Il restait un dernier point à régler. Quand tout le monde lui tourna le dos, Deirane sortit de son corsage un petit sachet de papier. Elle l’ouvrit, il recelait une poudre qu’elle aspira. Elle connaissait l’existence de drogue absorbée de cette manière. Mais comment faisaient-ils pour la consommer tant l’effet lui parut désagréable ? C’était comme de respirer de la farine. Elle fit disparaître le contenant dans un buisson. Elle comptait sur l’immensité du parc et l’aspect volontairement semi-sauvage de cette forêt pour que personne ne le trouvât. Et la prochaine pluie le dissoudrait.
Ils atteignaient le pied de l’escalier qui menait au harem, quand elle poussa un cri. Elle s’effondra en se tenant le ventre.
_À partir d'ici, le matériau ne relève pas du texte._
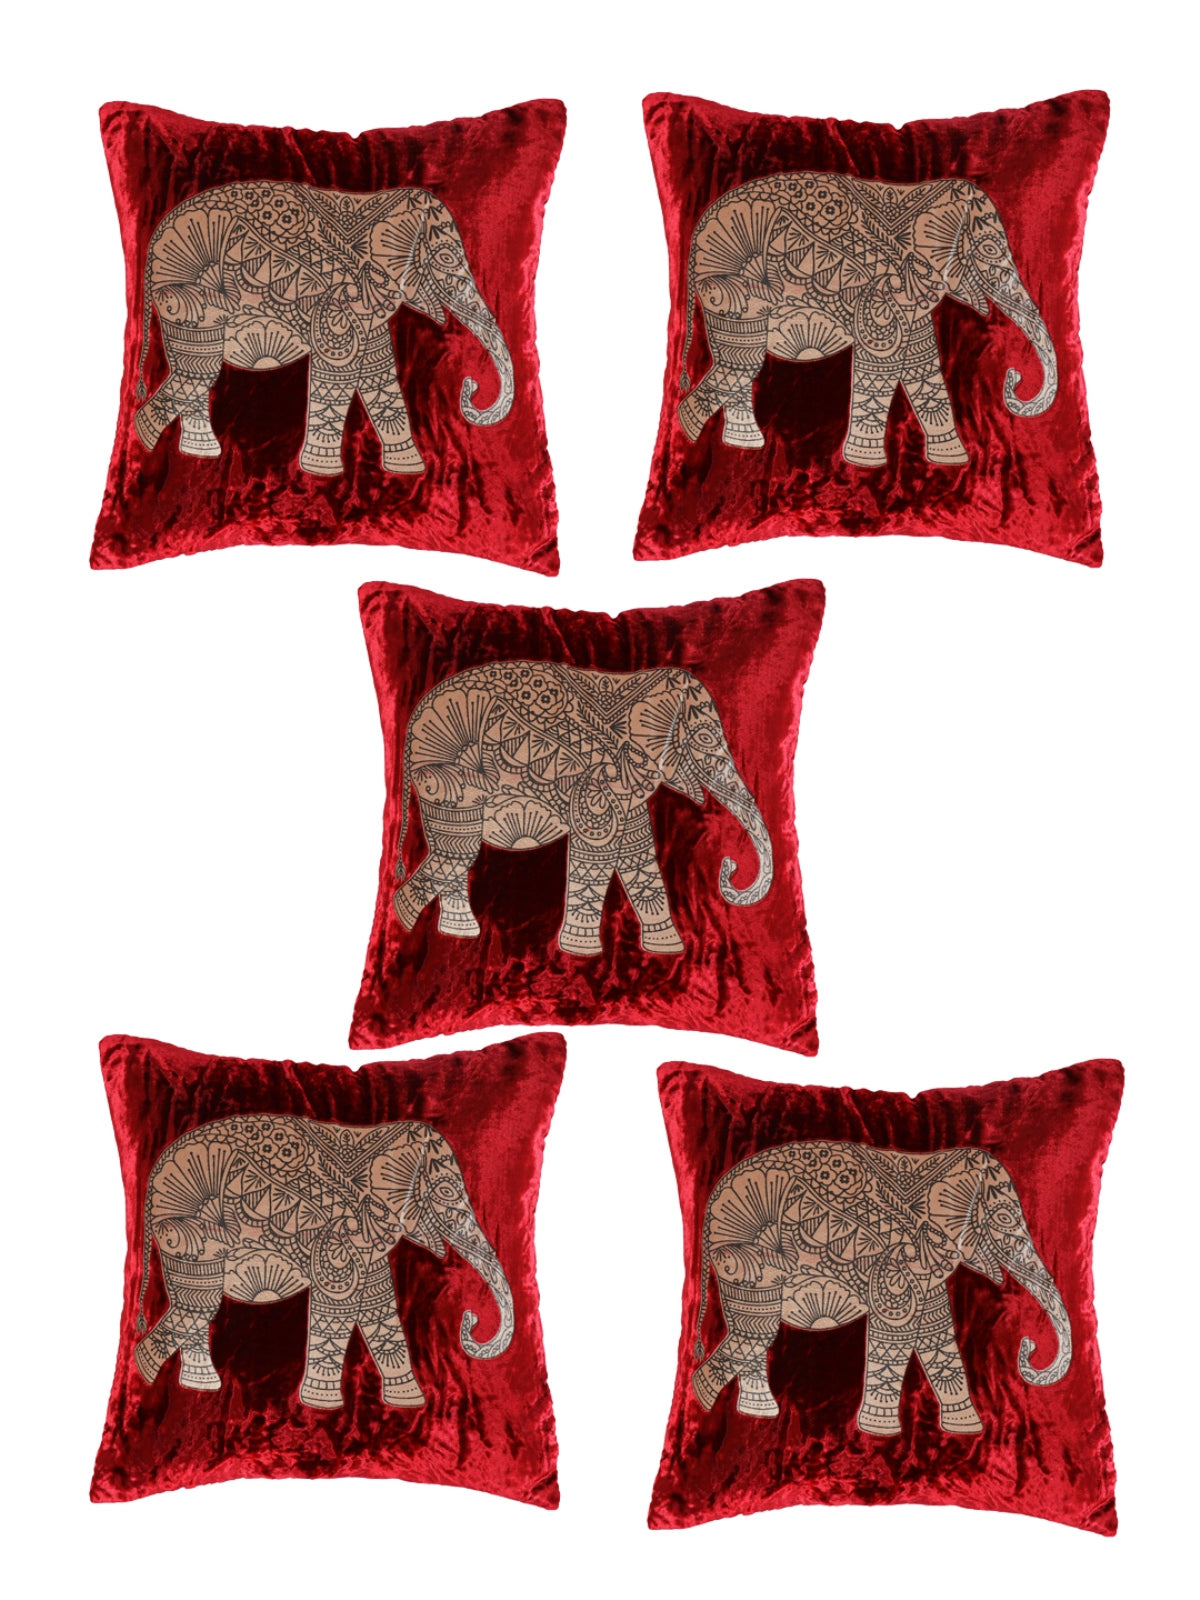 Maroon Set of 5 Elephant Printed Velvet Square Cushion Covers

— Que lui arrive-t-il encore ? s’écria Biluan, mais vous ne voyez pas que c’est du cinéma.
— Gardez votre voix pour plus tard. Vous en aurez besoin quand on vous interrogera.
La menace coupa court à toute les interventions du négrier. Il venait de comprendre qu’il allait souffrir. Et peut-être mourir. Il lança un regard de haine à Deirane. Mais seule Nëjya le remarqua.
Le chef de la troupe envoya son collègue découvrir ce qui se passait. Ce dernier s’accroupit devant la jeune femme qui se tordait de douleur. Il l’examina rapidement. Puis il la souleva dans ses bras pour la ramener à l’intérieur.